Fundamentally the idea is that we publish fragments, and then aggregate these fragments together. The mechanism of aggregation is supposed to be an expanded version of the familiar paradigm of citation: the introduction of a paper will link to and cite other papers as usual, and these would be incorporated as links and citations within the presentation of the paper. But in addition the paper will cite the introduction. By default the introduction would be included in the view of the paper presented to the user, but equally the user might choose to only look at figures, only conclusions, or only the citations. Figures would be citations to data, again available on the web, again with a default visualization that might be an embedded active graph or a static image.

I asserted that the tools for achieving this are more or less in place. Actually that is only half true. The tools for storing, displaying, and even to some extent archiving communications in this form do exist, at least in the form of examples.

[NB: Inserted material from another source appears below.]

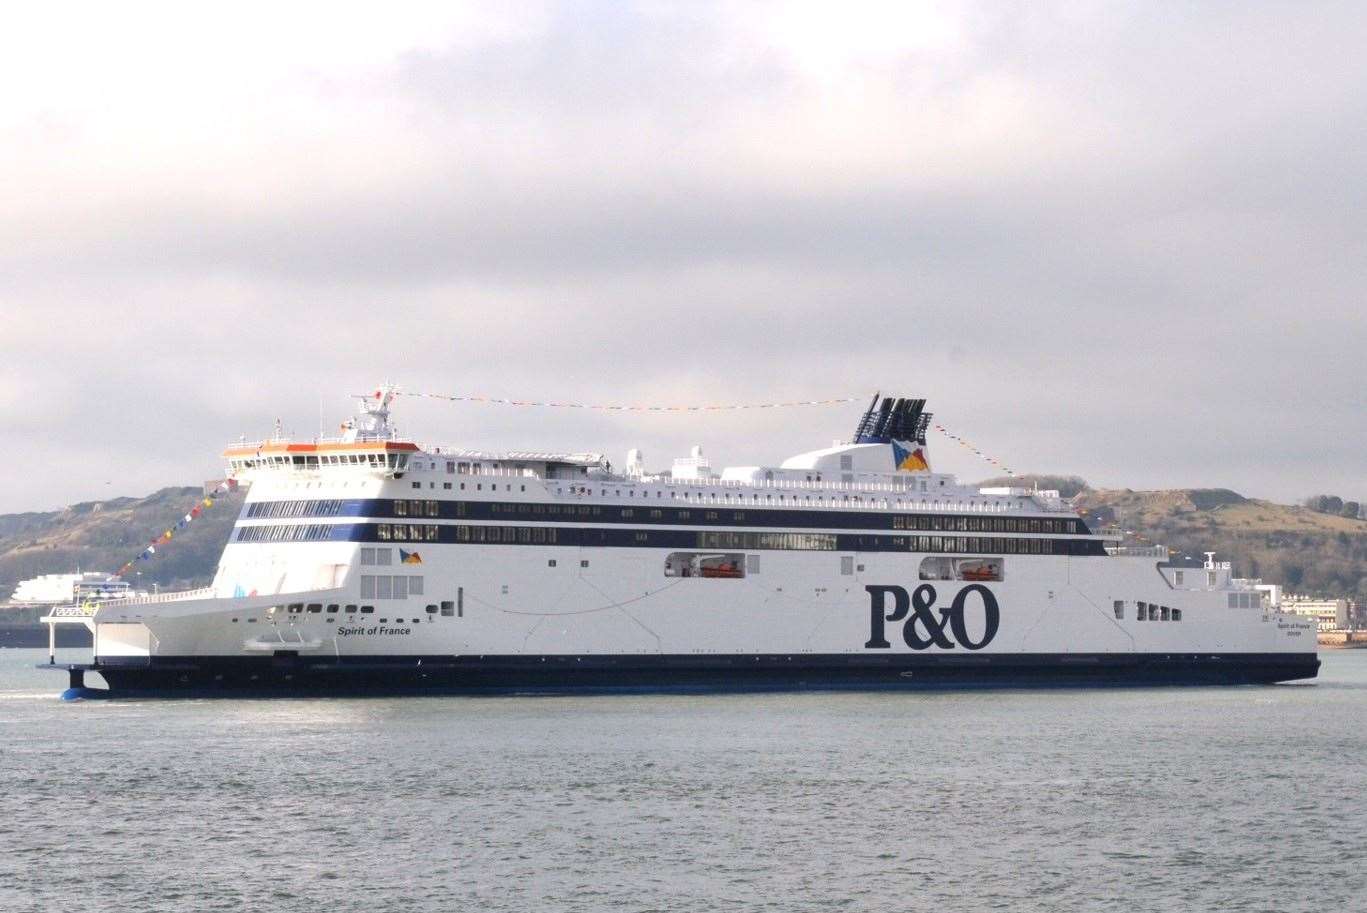 P&O Ferries have spoken of its confidence over avoiding fines for its mass sacking scandal last year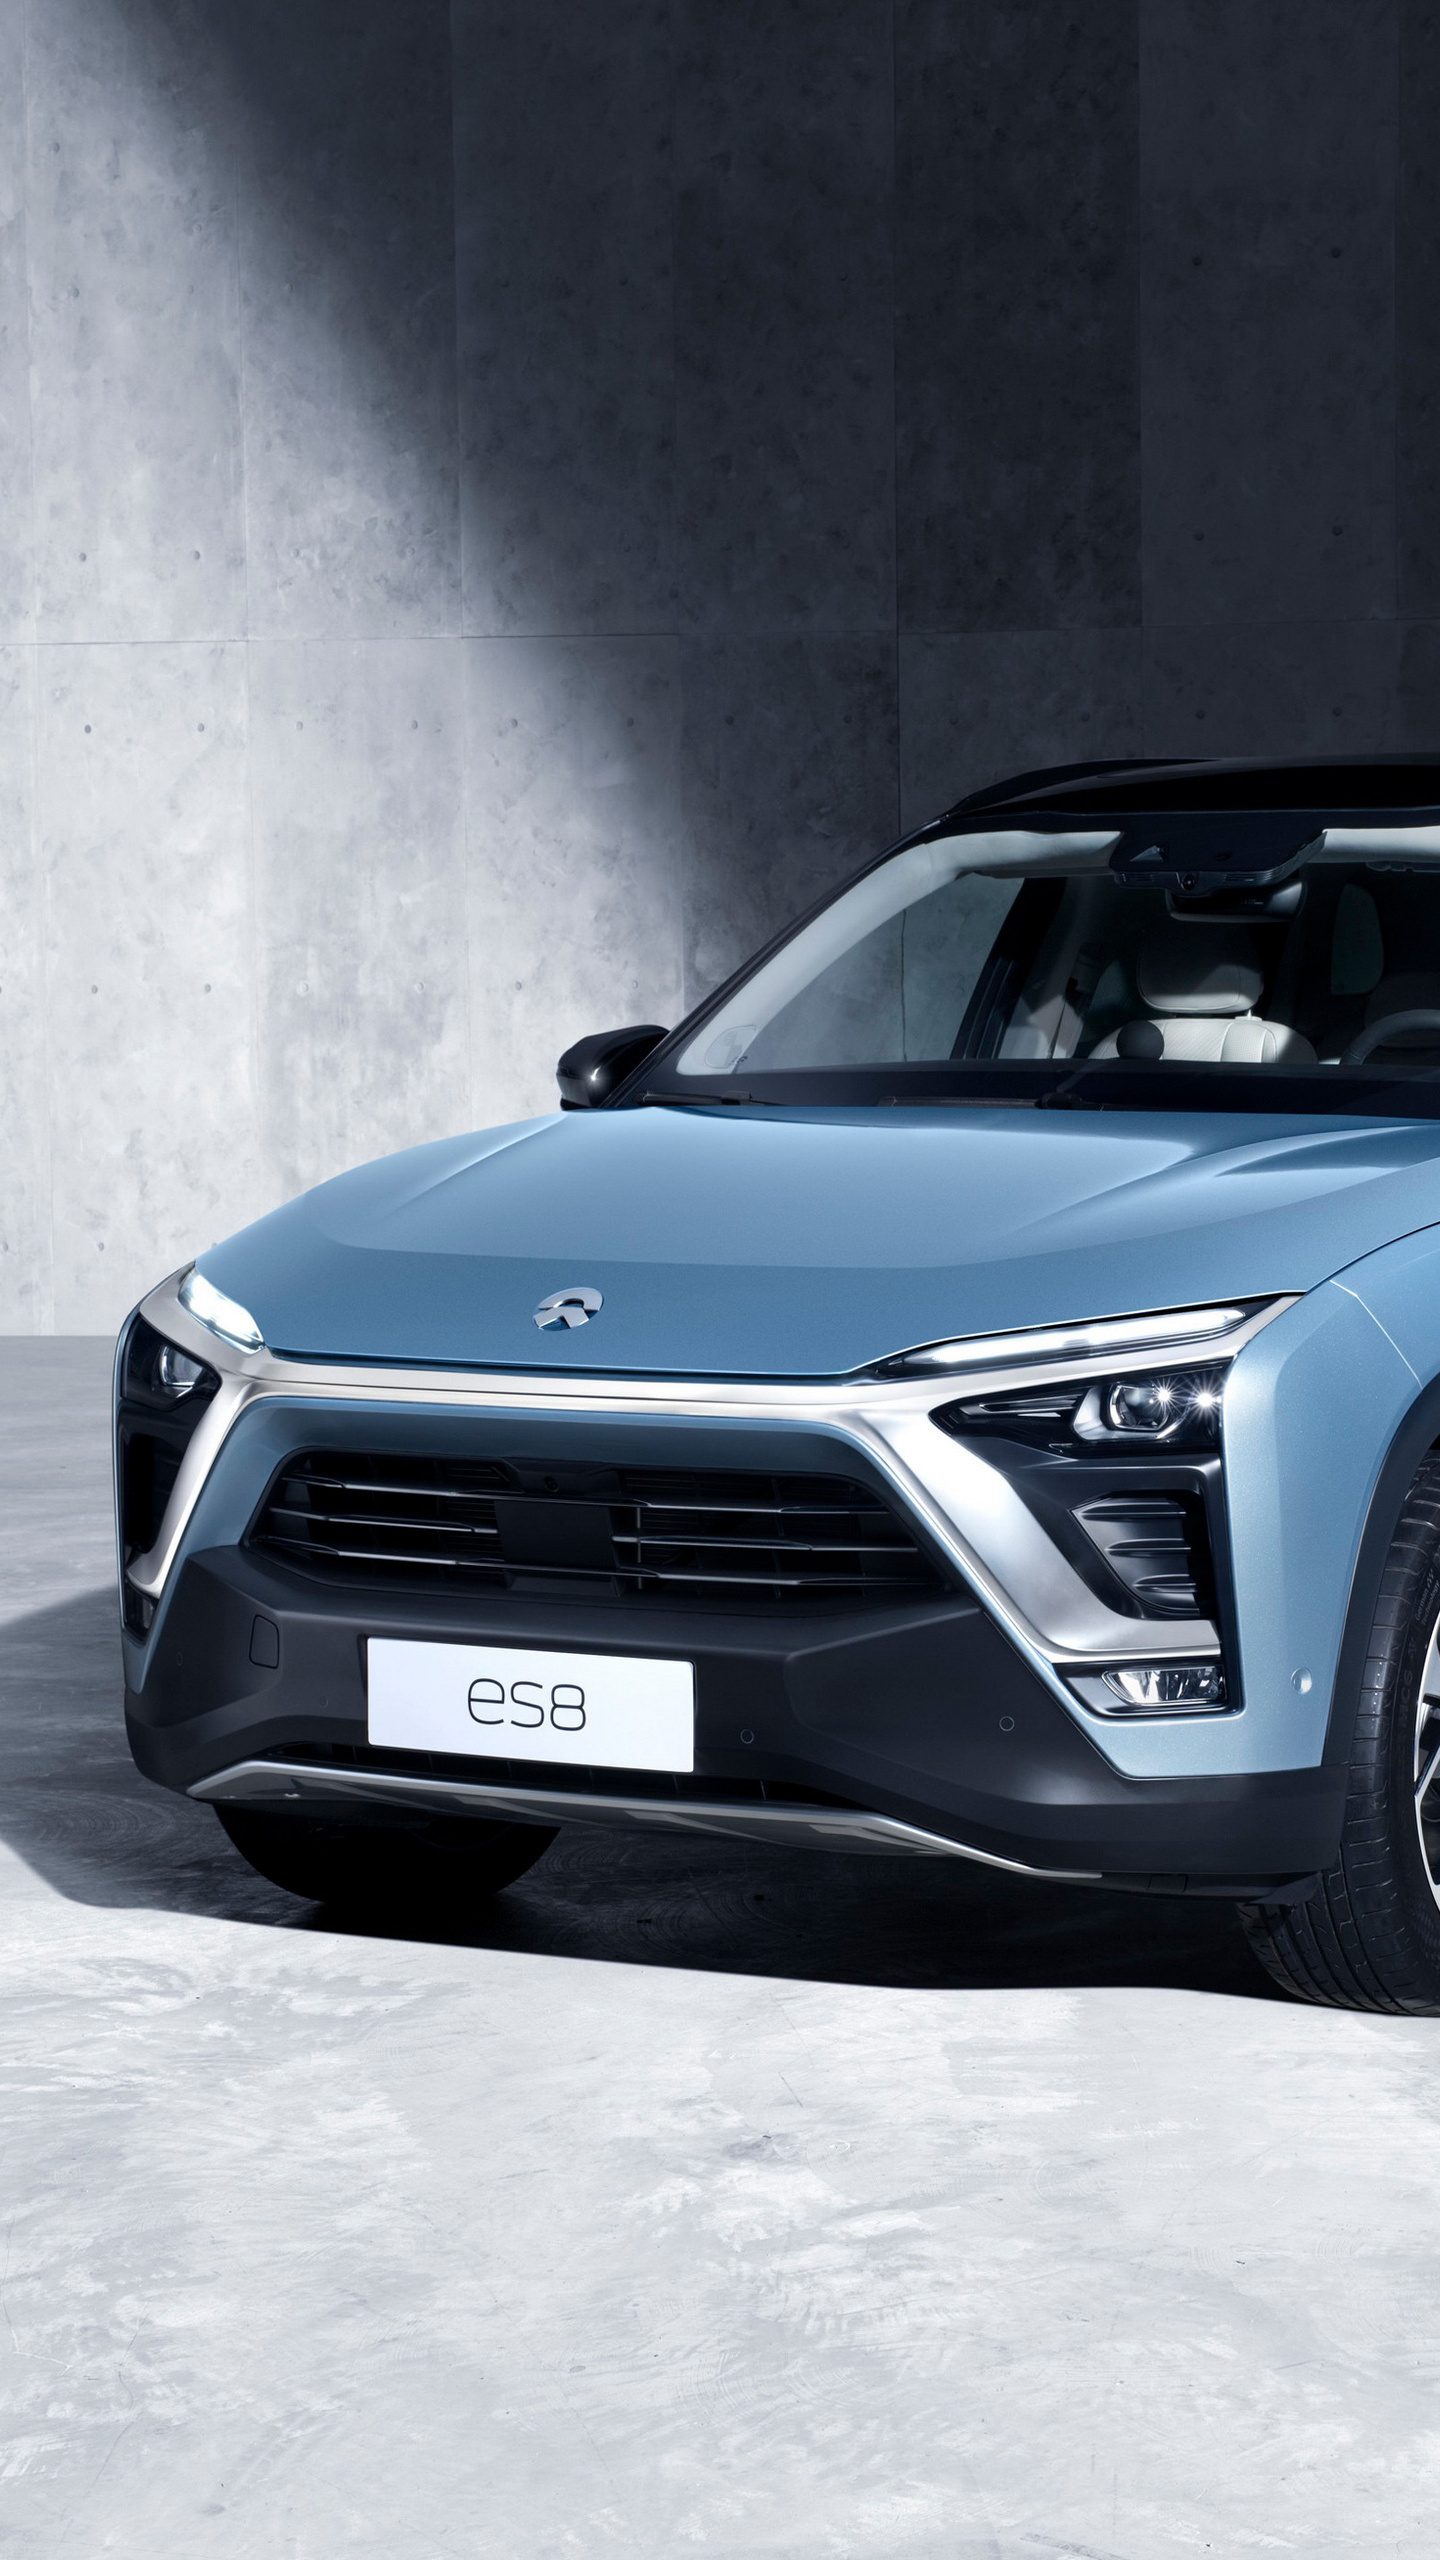 NIO Auto, ES8 electric SUV, High-quality wallpapers, HD and 4K images, 1440x2560 HD Handy

An emerging standard for aggregated objects on the web is the Open Archives Initiative – Object Re-use and Exchange (OAI-ORE). The OAI-ORE object is a generic description of the address of a series of things on the web and how they relate to each other. It is the natural approach for representing the idea of a paper as an aggregation of pieces. The OAI-ORE object itself is RDF with no concept of how it should be displayed or used. It is just a set of things, each labeled with their role in the overall object. In principle at least makes it straightforward to display it in any number of ways. A simple example would be converting OAI-ORE to the NLM-DTD XML format. The devil as always, is in the detail here but this makes a good first pass technical requirement for the details of how the pieces of the OAI-ORE object are described; it must be straightforward to convert to NLM-DTD.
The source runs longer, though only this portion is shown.